**REQUIRED ACTION:** Where the data below contains pictures, omit them; output the rest word for word.

──────── COLLECTED MATERIAL ────────

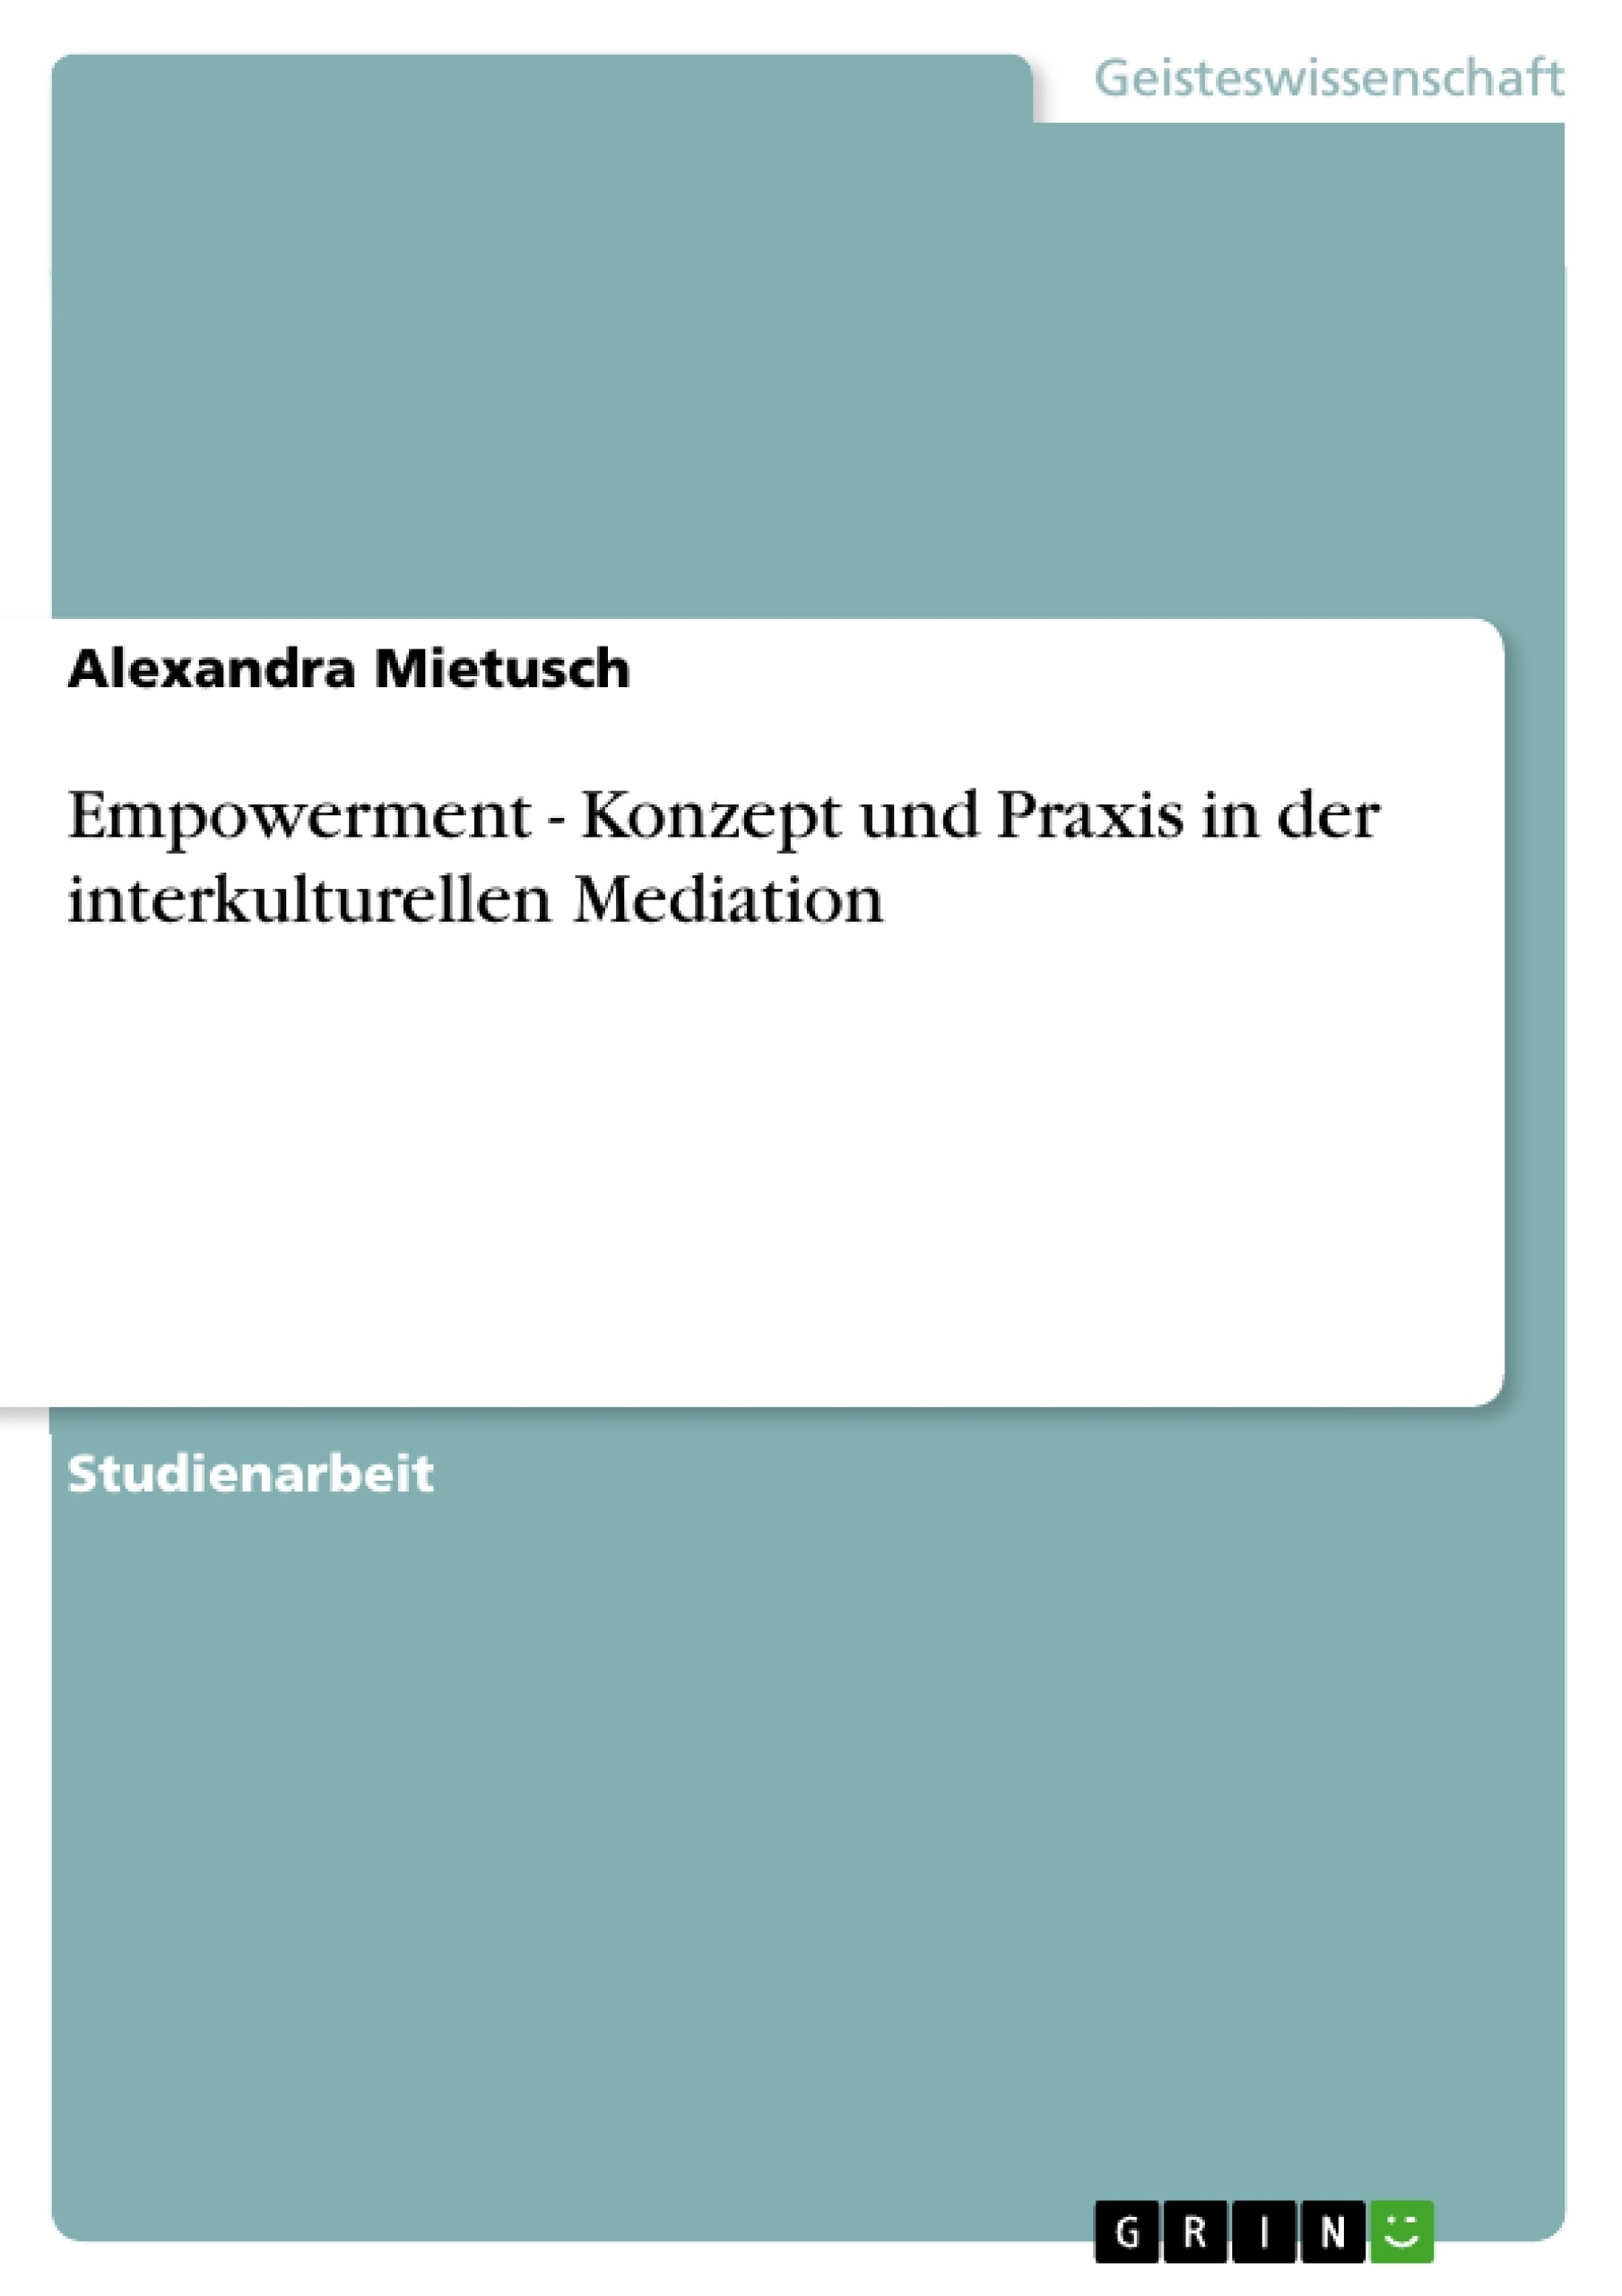 Titel: Empowerment - Konzept und Praxis in der interkulturellen Mediation
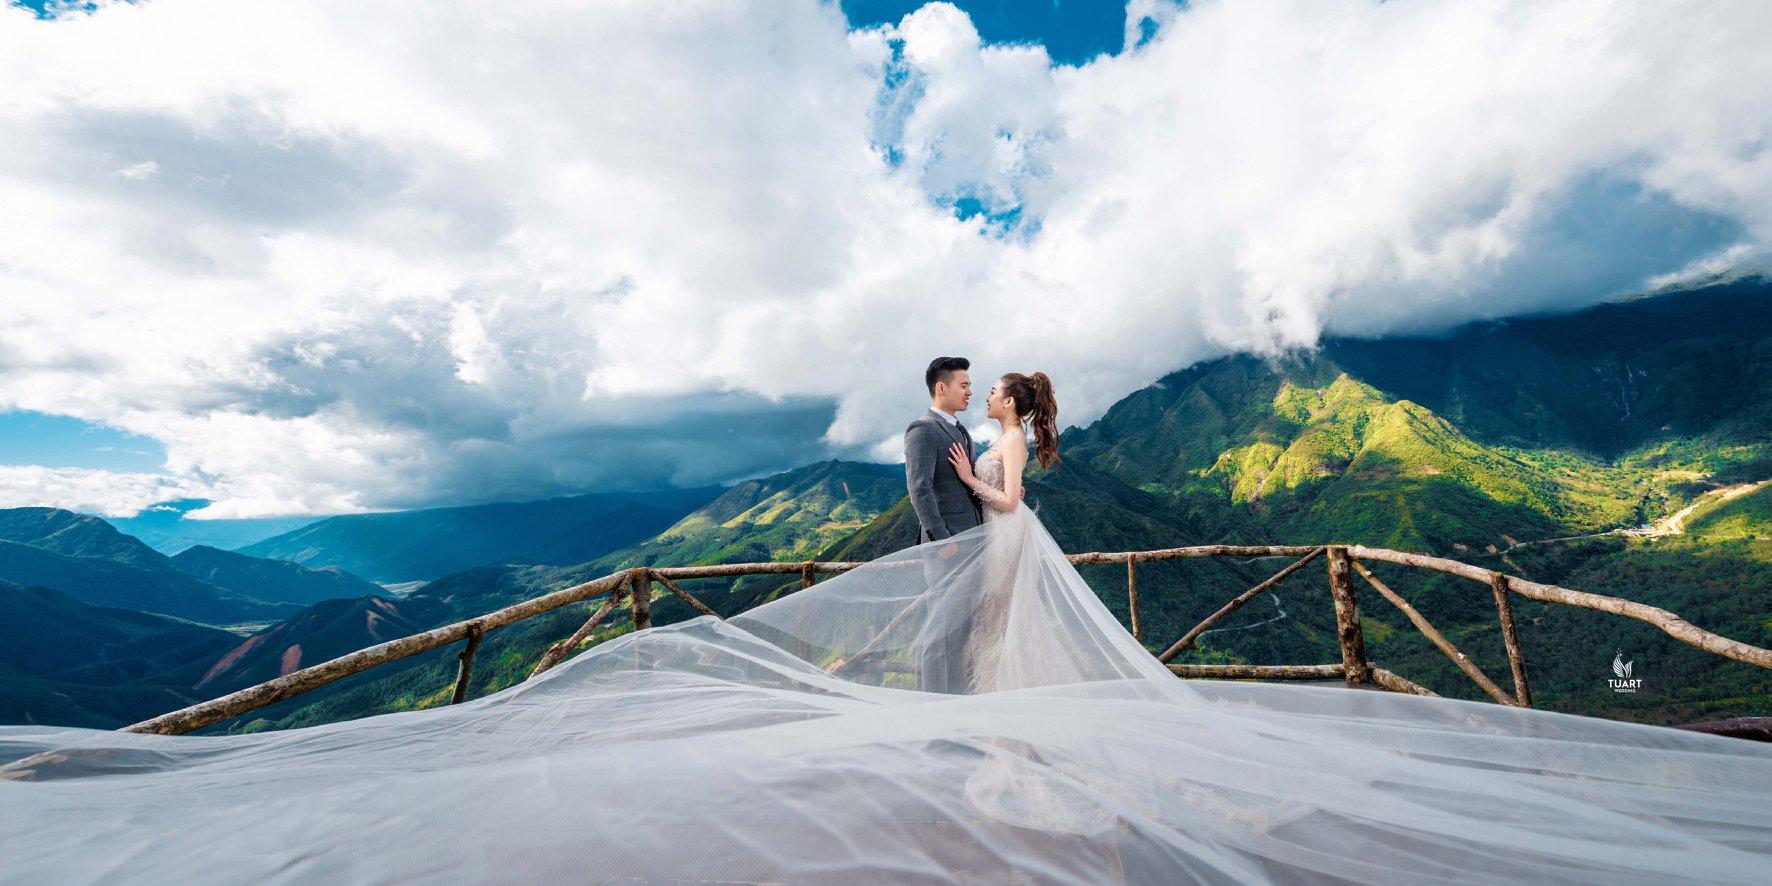 Album chụp ảnh cưới đẹp Sapa
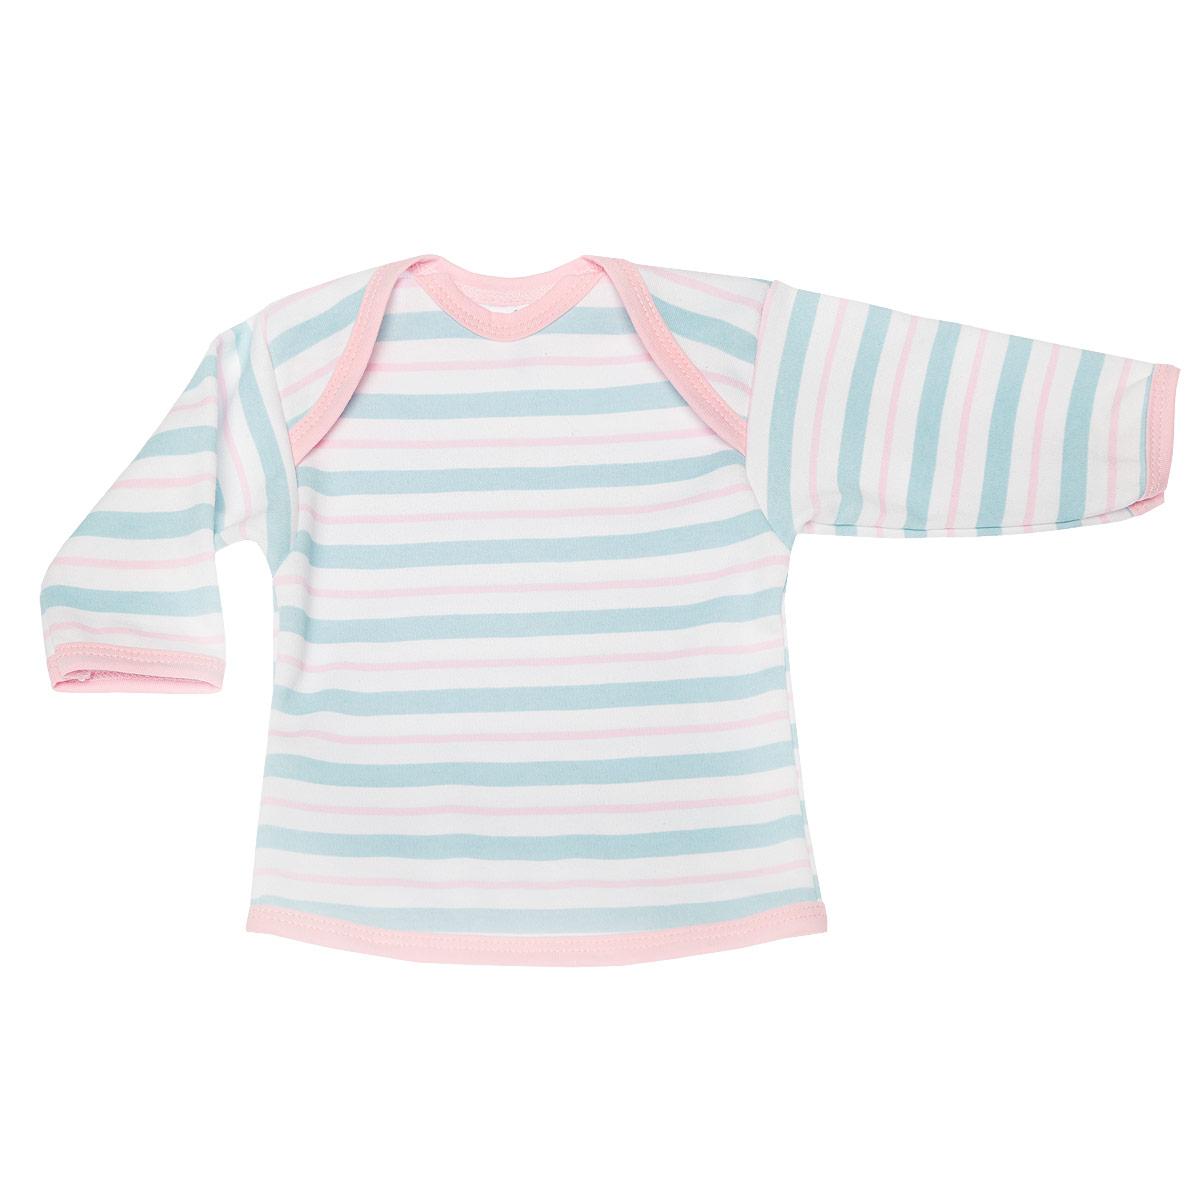 Футболка с длинным рукавом детская Трон-плюс, цвет: бирюзовый, розовый, белый. 5611_полоска. Размер 68, 6 месяцев5611_полоскаУдобная детская футболка Трон-плюс с длинными рукавами послужит идеальным дополнением к гардеробу вашего ребенка, обеспечивая ему наибольший комфорт. Изготовленная из интерлока - натурального хлопка, она необычайно мягкая и легкая, не раздражает нежную кожу ребенка и хорошо вентилируется, а эластичные швы приятны телу ребенка и не препятствуют его движениям. Удобные запахи на плечах помогают легко переодеть младенца. Горловина, низ модели и низ рукавов дополнены трикотажной бейкой. Спинка модели незначительно укорочена. Оформлено изделие принтом в полоску. Футболка полностью соответствует особенностям жизни ребенка в ранний период, не стесняя и не ограничивая его в движениях.
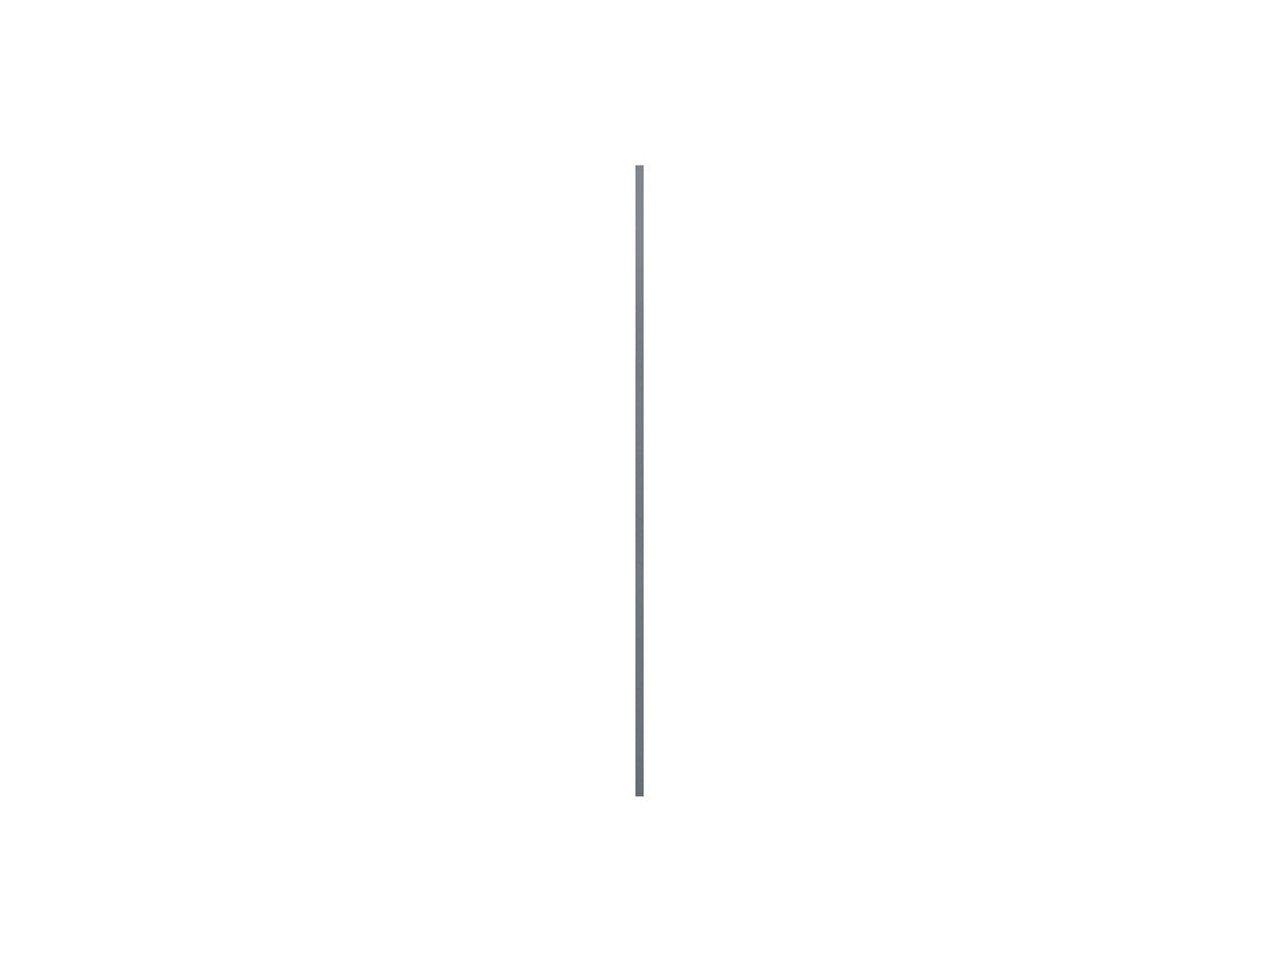 Tralka Prosta Ozdobna 07.019 900 x 230

────────

**WRITTEN SOLUTION:**
 Titel: Empowerment - Konzept und Praxis in der interkulturellen Mediation
 Album chụp ảnh cưới đẹp Sapa
 Футболка с длинным рукавом детская Трон-плюс, цвет: бирюзовый, розовый, белый. 5611_полоска. Размер 68, 6 месяцев5611_полоскаУдобная детская футболка Трон-плюс с длинными рукавами послужит идеальным дополнением к гардеробу вашего ребенка, обеспечивая ему наибольший комфорт. Изготовленная из интерлока - натурального хлопка, она необычайно мягкая и легкая, не раздражает нежную кожу ребенка и хорошо вентилируется, а эластичные швы приятны телу ребенка и не препятствуют его движениям. Удобные запахи на плечах помогают легко переодеть младенца. Горловина, низ модели и низ рукавов дополнены трикотажной бейкой. Спинка модели незначительно укорочена. Оформлено изделие принтом в полоску. Футболка полностью соответствует особенностям жизни ребенка в ранний период, не стесняя и не ограничивая его в движениях.
 Tralka Prosta Ozdobna 07.019 900 x 230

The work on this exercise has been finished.